Because large labs often play with the safest models, which often involves scaling them up (OAI, FAIR, GDM etc.) and those tend to be self-attention/transformer like workloads. The devs have been pretty transparent about this - you can DM them if you want - but their entire stack is optimized for these usecases.

And ofcourse, that won't involve considering for research workloads which tend to be highly non-standard, dynamic and rather complex and much, much harder to optimize for.

This is where the "favouring big labs" comes from.

> 1. it supports dynamic shapes

I agree that in the specifically narrow respect of dynamic shapes, it's better than XLA.

But then it also misses a lot of the optimization features XLA has such as its new cost model and Latency Hiding Scheduler (LHS) stack which is far better at async overlapping of comms, computations and even IO (as its lazy).

> there is a trade-off between dynamic, flexible and performance

Exactly. Similarly, there's a difference in the features offered by each particular compiler. Torch's compiler's strengths may be XLA's weakness, and vice-versa.

But its not perfect - no software can be, and compilers certainly aren't exceptions. My issue is that the compiler is being considered at all in torch.

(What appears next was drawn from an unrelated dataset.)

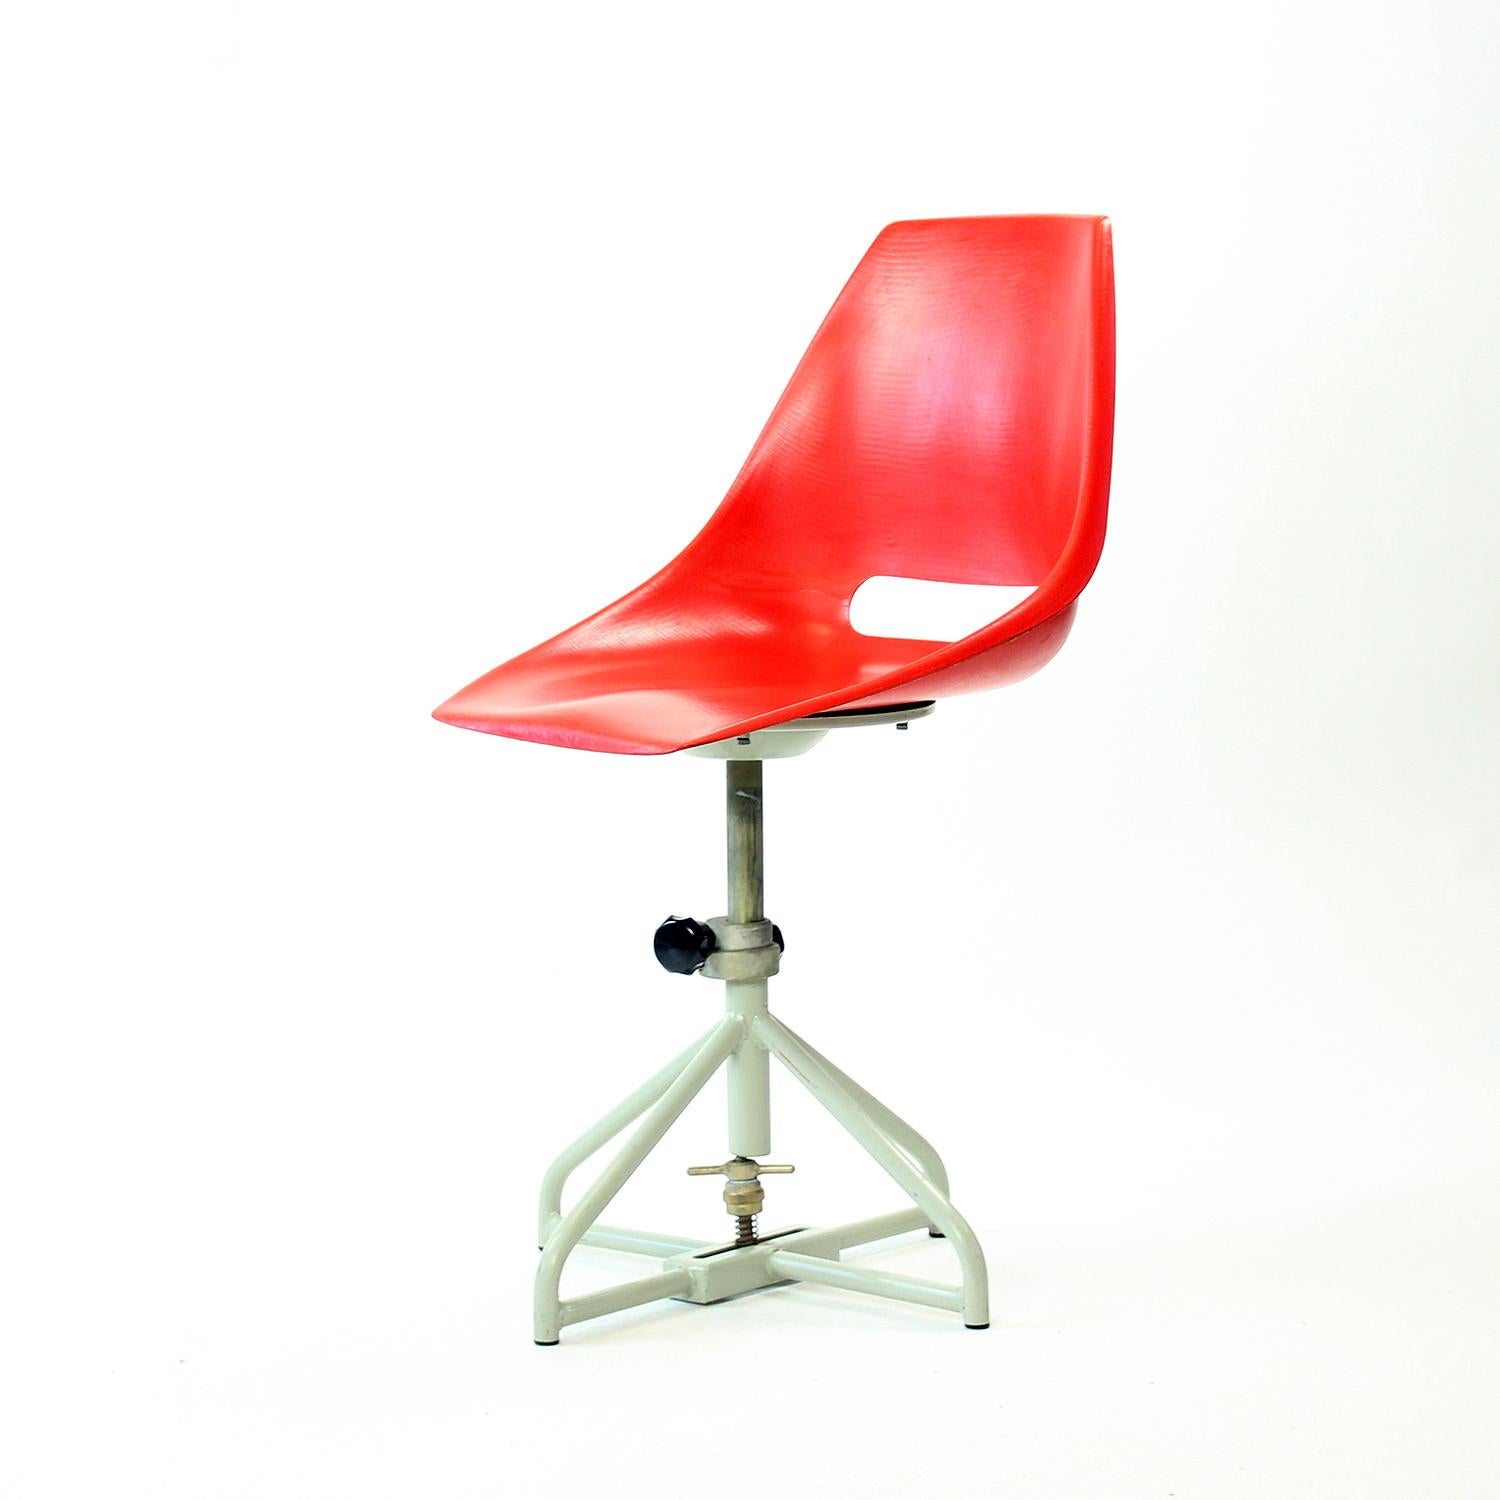 Roter Tablettstuhl von Miroslav Navratil für Vertex, 1960er Jahre (Mitte des 20. Jahrhunderts) im Angebot
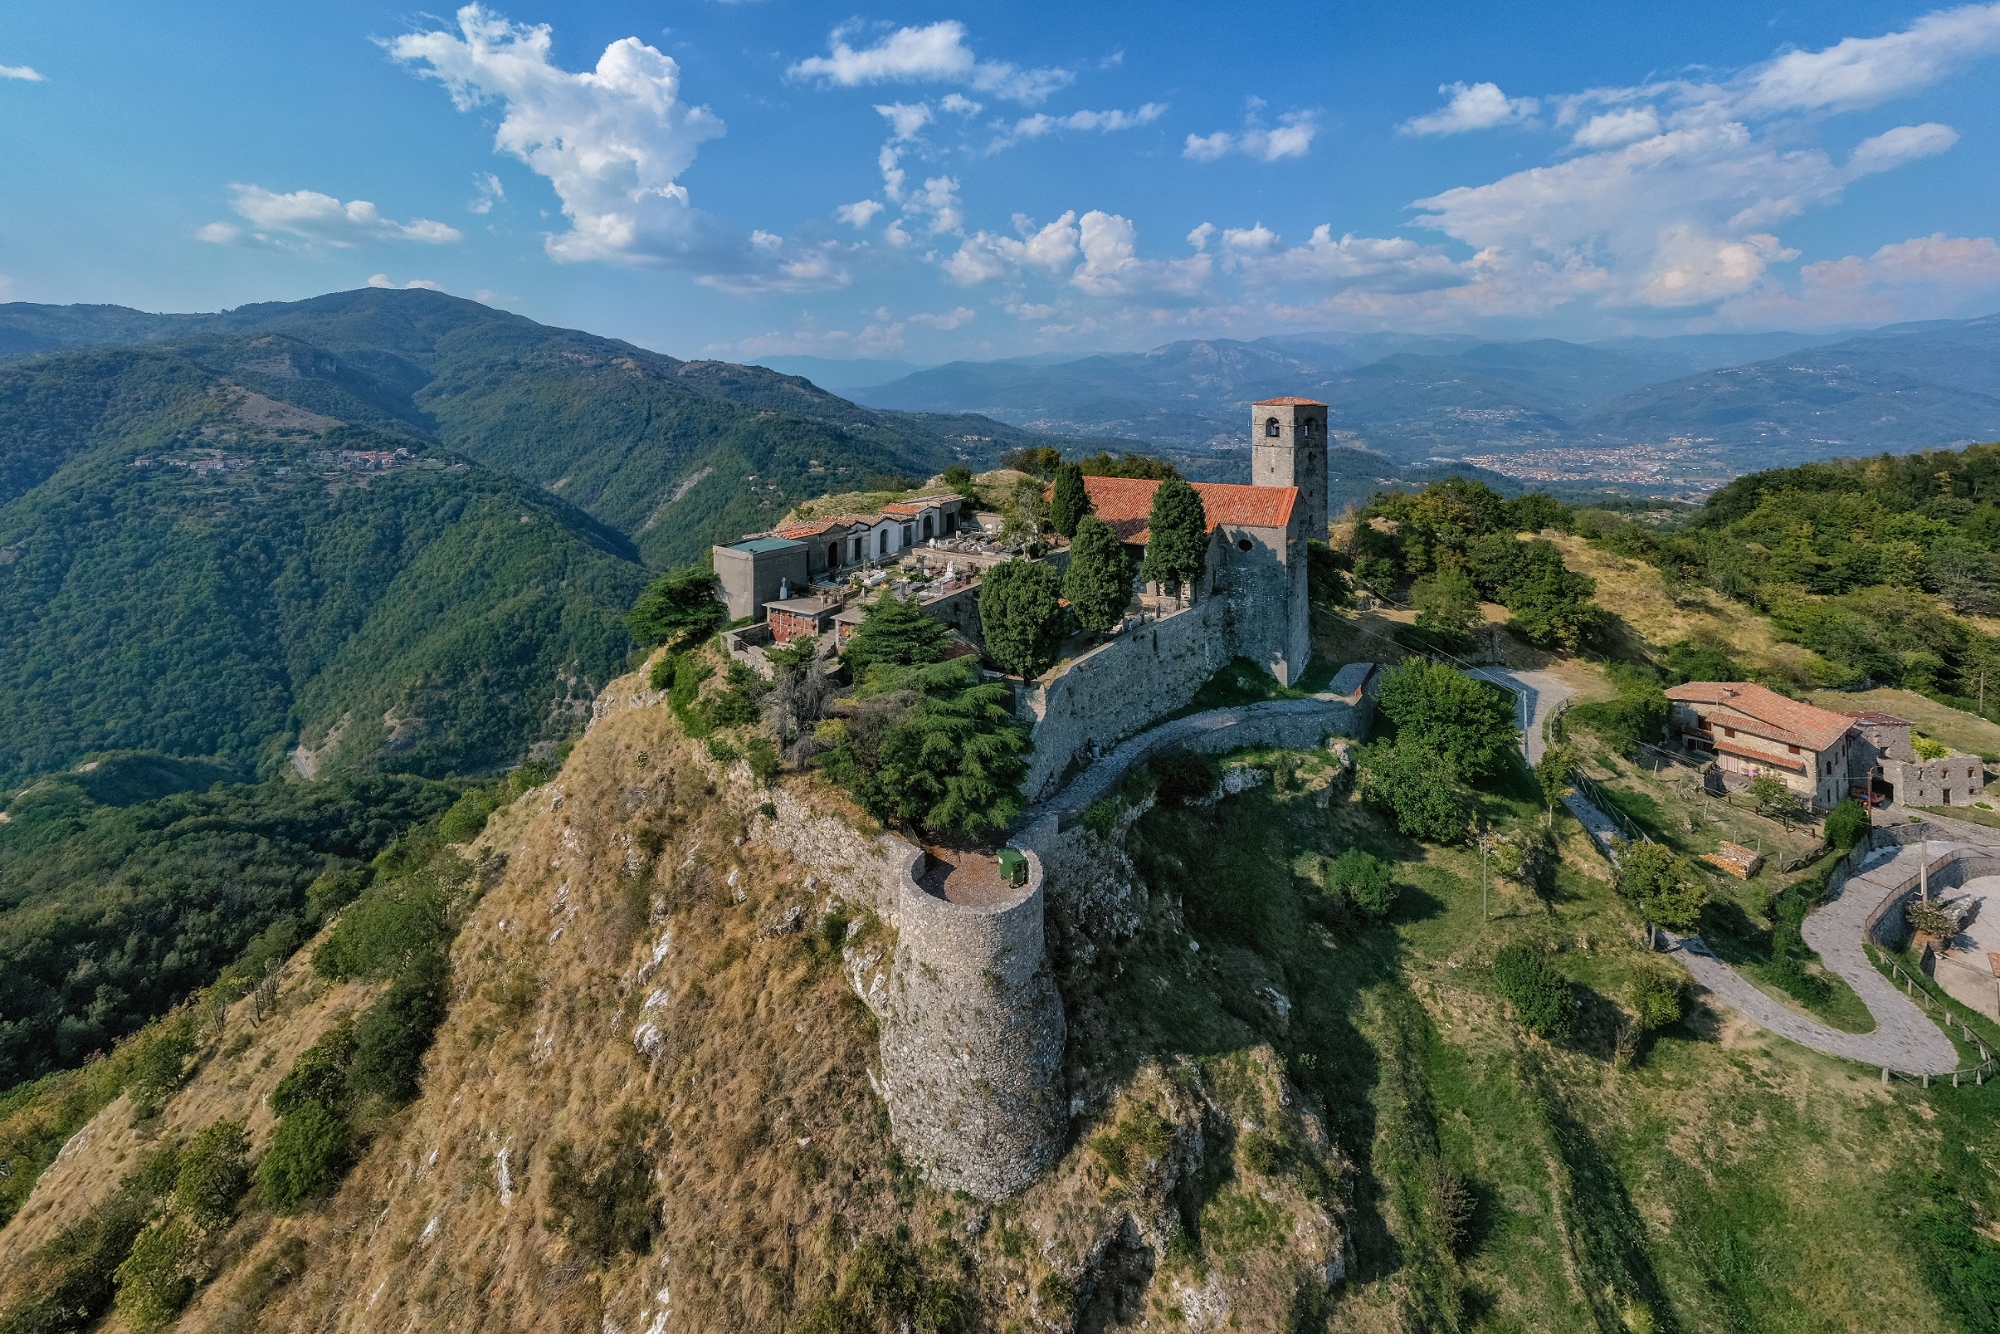 The Rocca di Sassi of Molazzana

There are use-cases where the torch.compile stack fails completely (not sure how much you hang around more research-oriented forums) wherein there are some features that simply do not work with torch.compile. I cited FSDP as the more egregious one because its so common in everyone's workflow.

That's the problem. Torch is optimizing their compiler stack for certain workloads, with a lot of new features relying on them (look at newly proposed DTensor API for example).

If I'm a researcher with a non-standard workload, I should be able to enjoy those new features without relying on the compiler - because otherwise, it'd be painful for me to fix/restrict my code for that stack.

In short, I'm being bottlenecked by the compiler's capabilities preventing me to fully utilize all features. This is what I don't like. This is why torch should never be leaning at a compiler at all.

It 'looks' like a mere tradeoff, but reality is just not as simple as that.

> XLA:GPU

I don't particularly care if torch uses whatever compiler stack the devs choose - that's beside the point. Really, I just don't like the compiler-integrated approach at all. The choice of the specific stack doesn't matter.